* **Task to complete**
Without including any pictures, reproduce all the lines below word for word.

* **Input data**
Segment Open
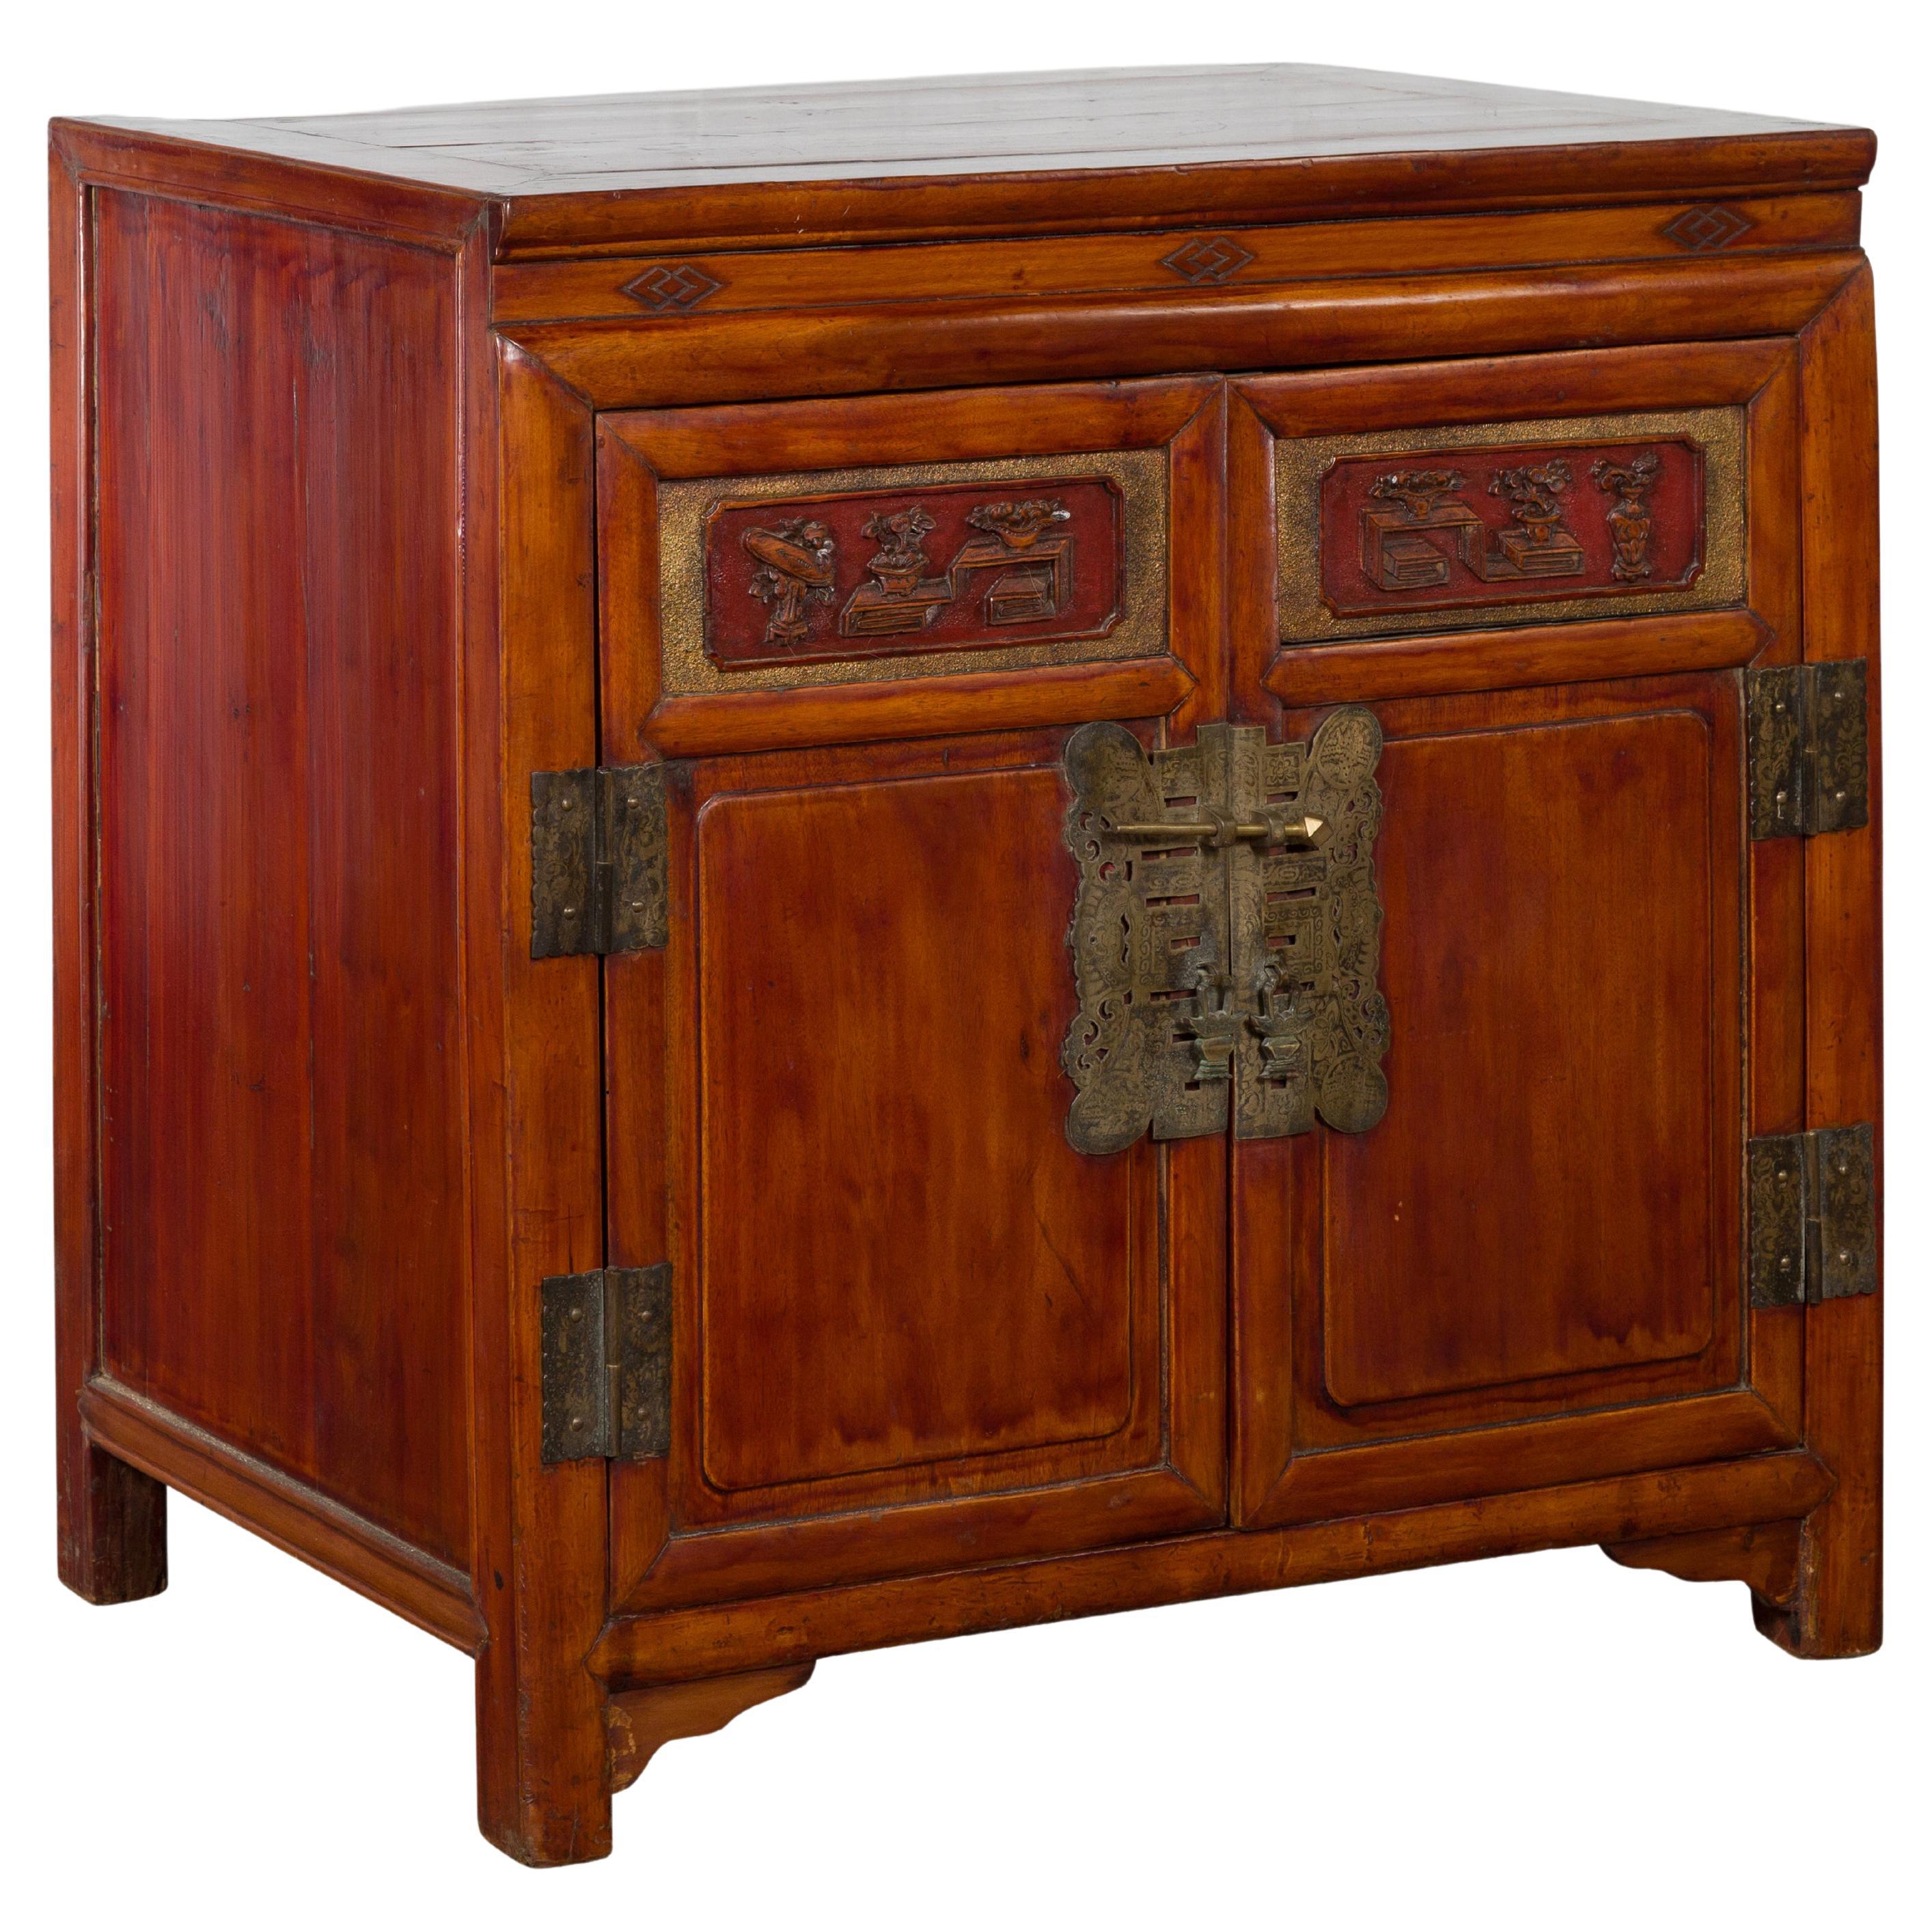 Antique Chinese Side Cabinet with Carved Panels, Gilt Accents and Hidden Drawers For Sale
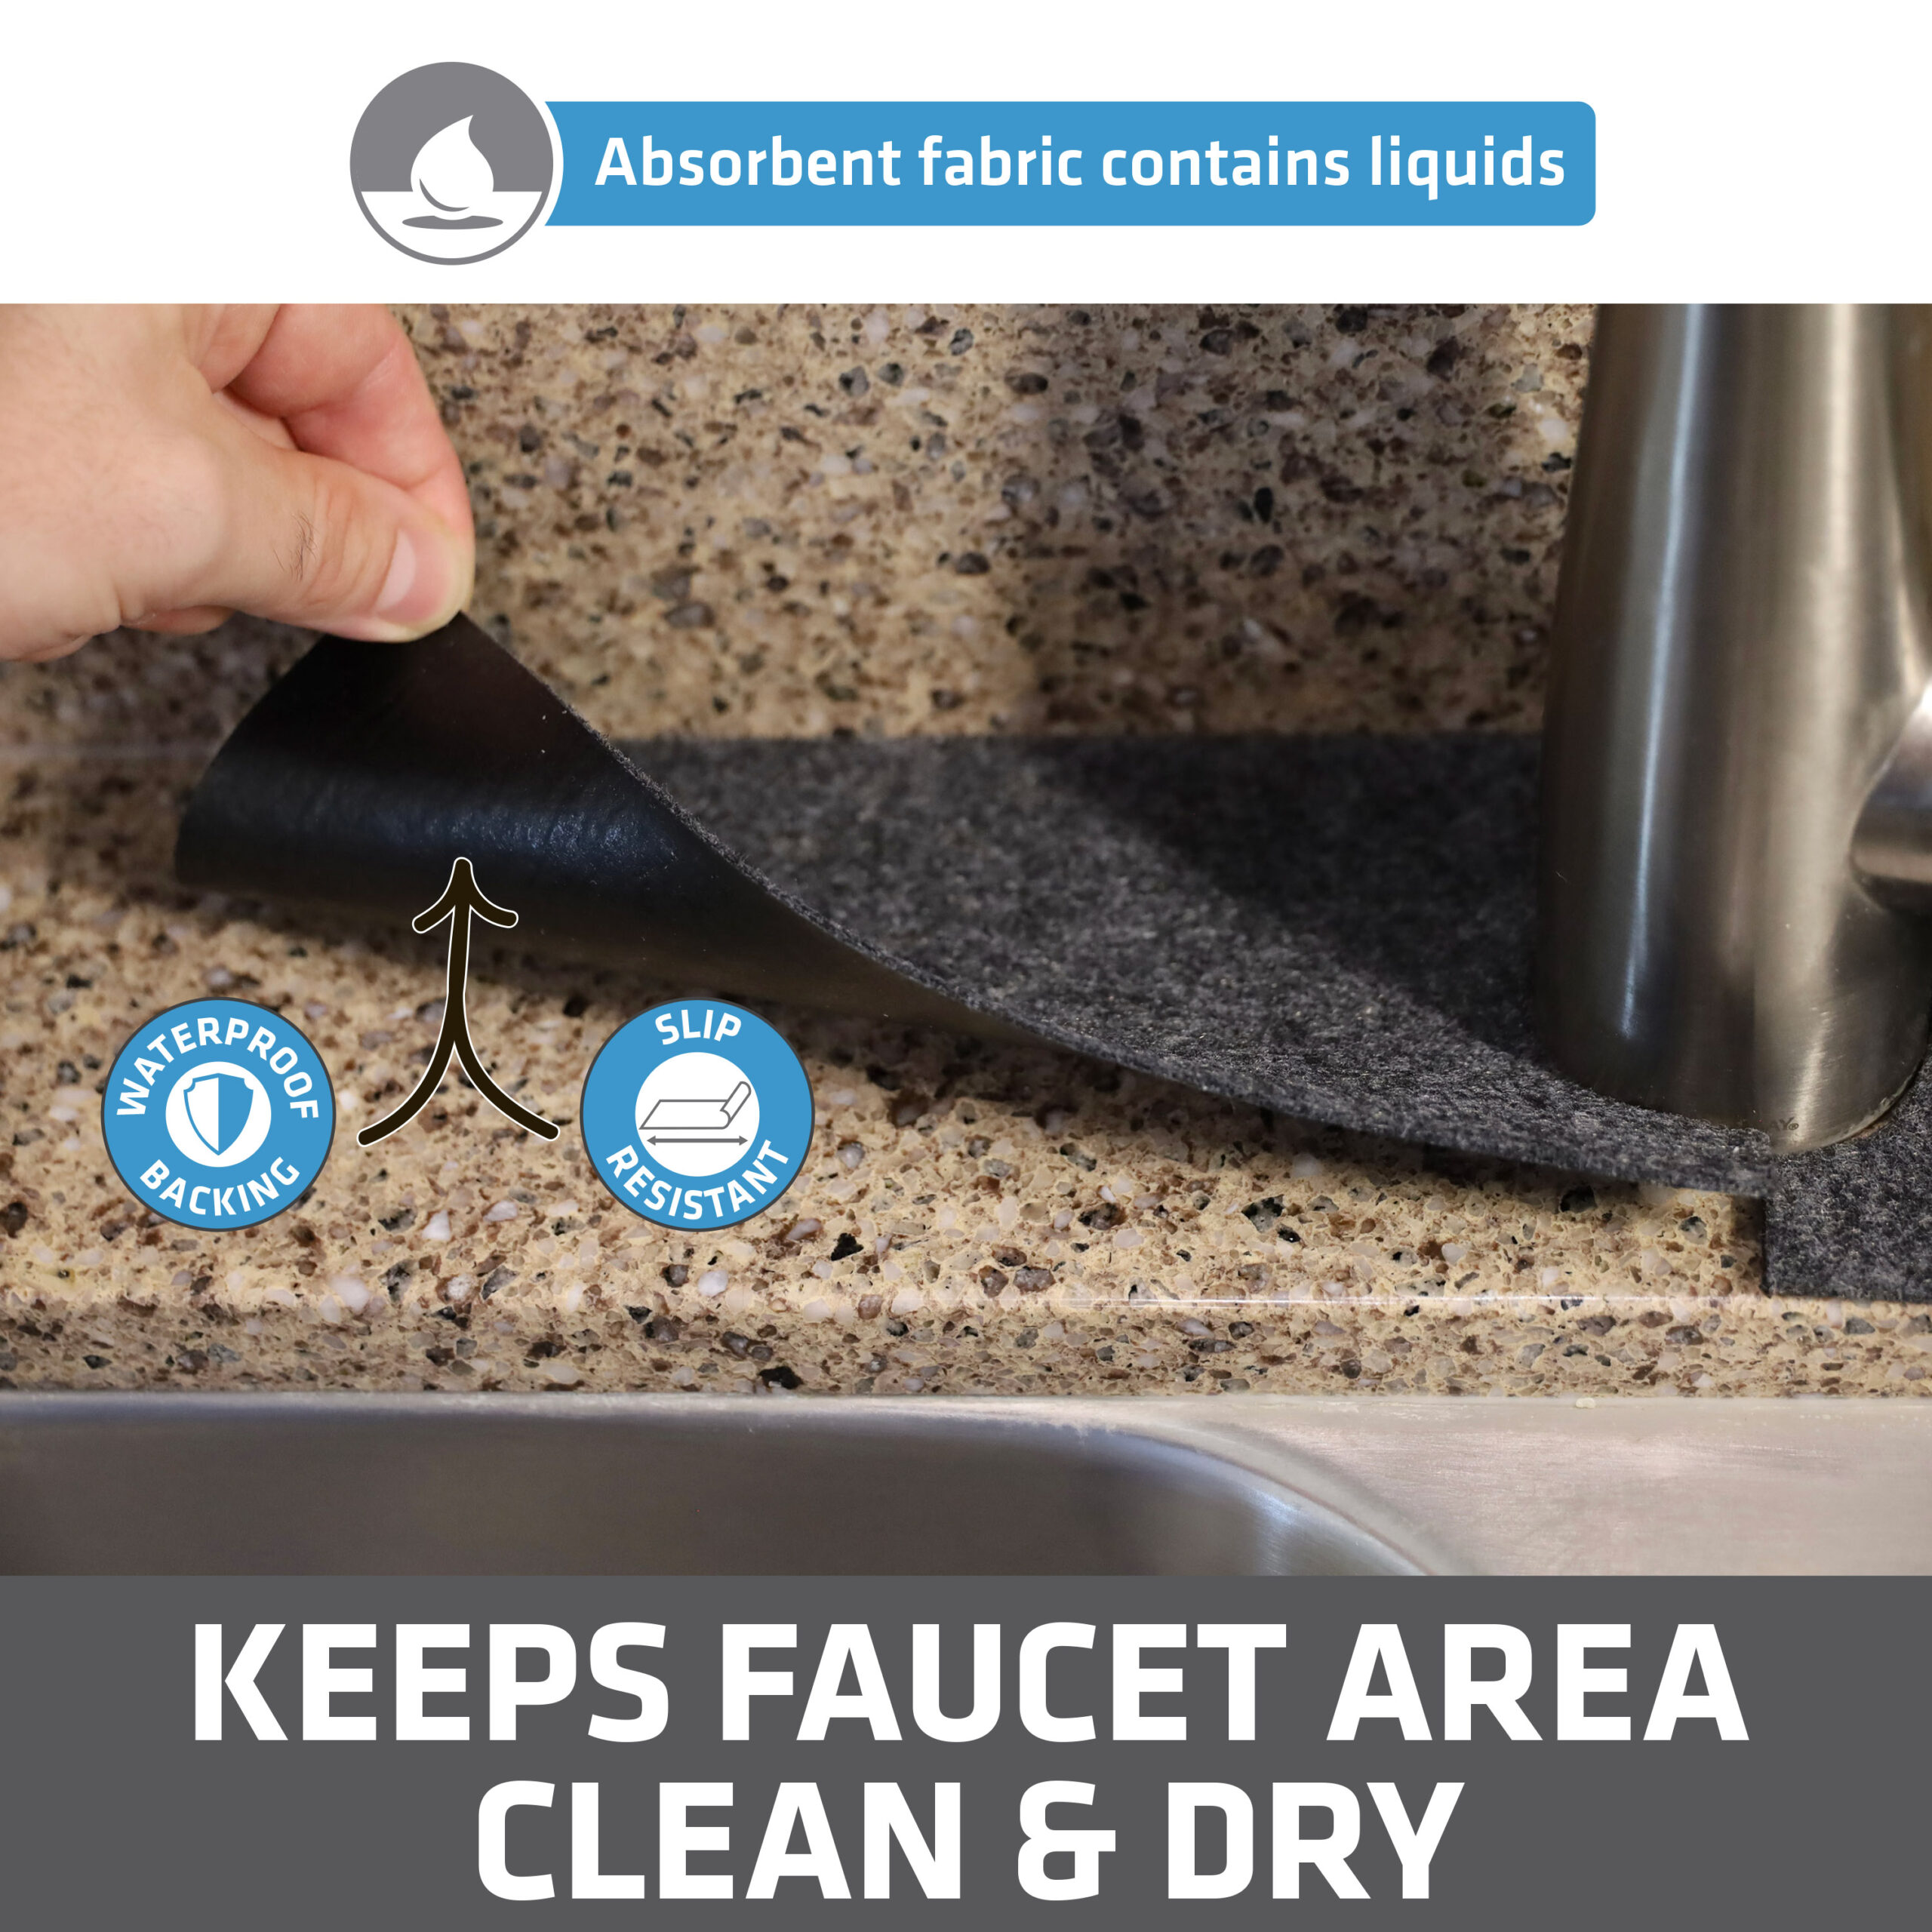 Buy SVK Dream Sink Faucet Mat Splash Guard, Kitchen Sink Draining Pad  Behind Faucet Dish Drying Mat Online at Best Prices in India - JioMart.
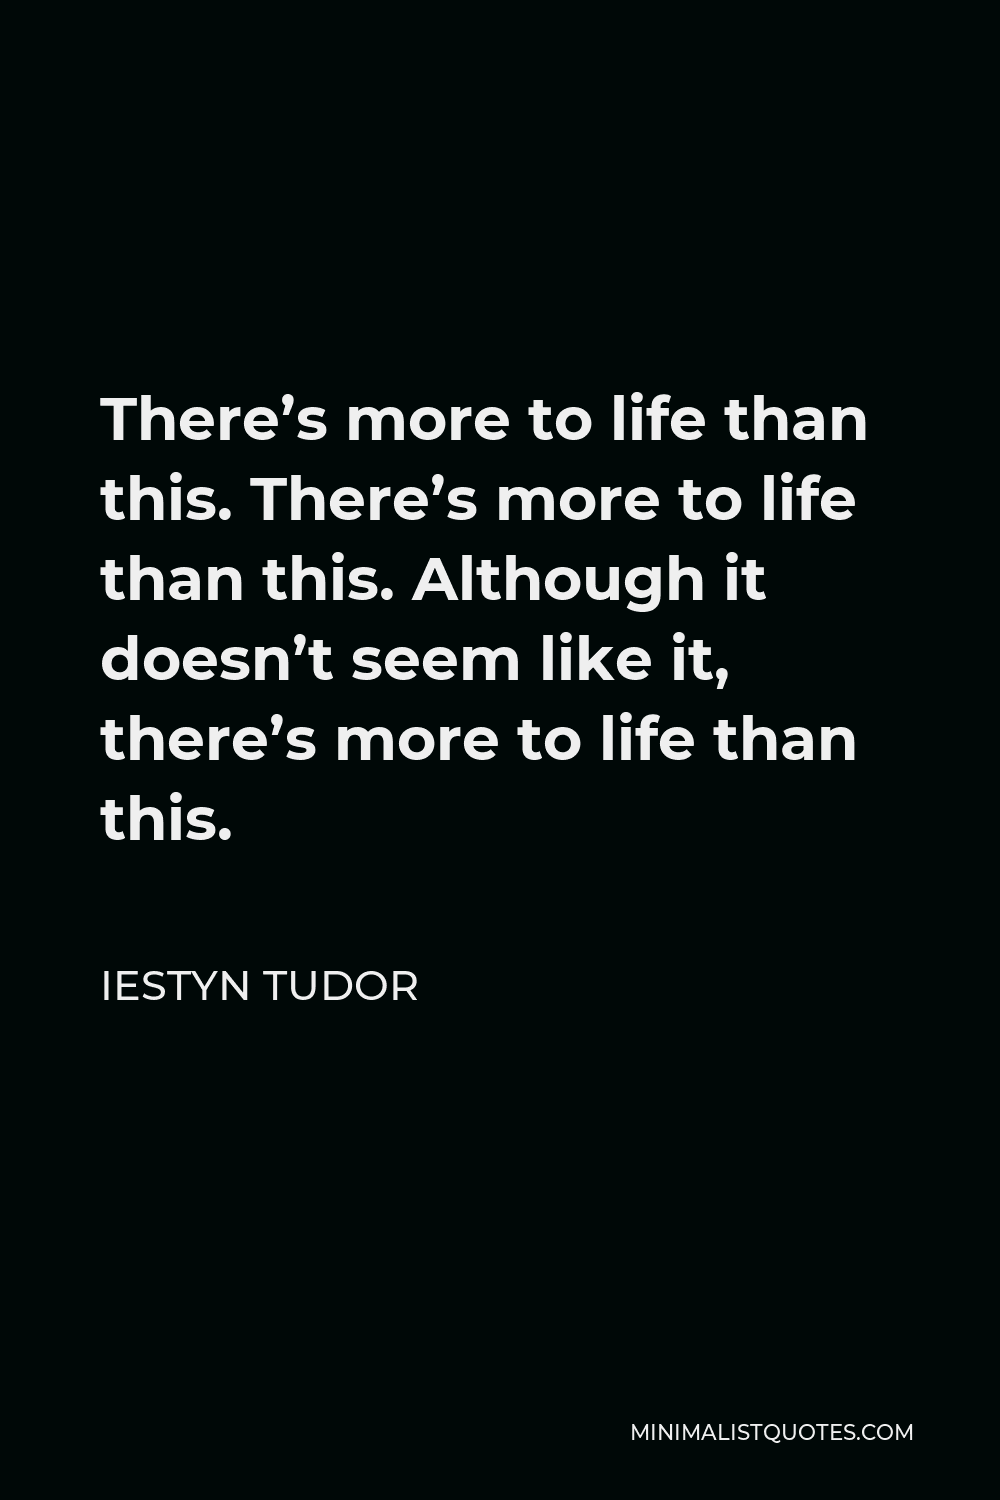 Iestyn Tudor Quote - There’s more to life than this. There’s more to life than this. Although it doesn’t seem like it, there’s more to life than this.
Segment Closed
* **Answer to this exercise**
 Antique Chinese Side Cabinet with Carved Panels, Gilt Accents and Hidden Drawers For Sale
 Buy SVK Dream Sink Faucet Mat Splash Guard, Kitchen Sink Draining Pad  Behind Faucet Dish Drying Mat Online at Best Prices in India - JioMart.
 Iestyn Tudor Quote - There’s more to life than this. There’s more to life than this. Although it doesn’t seem like it, there’s more to life than this.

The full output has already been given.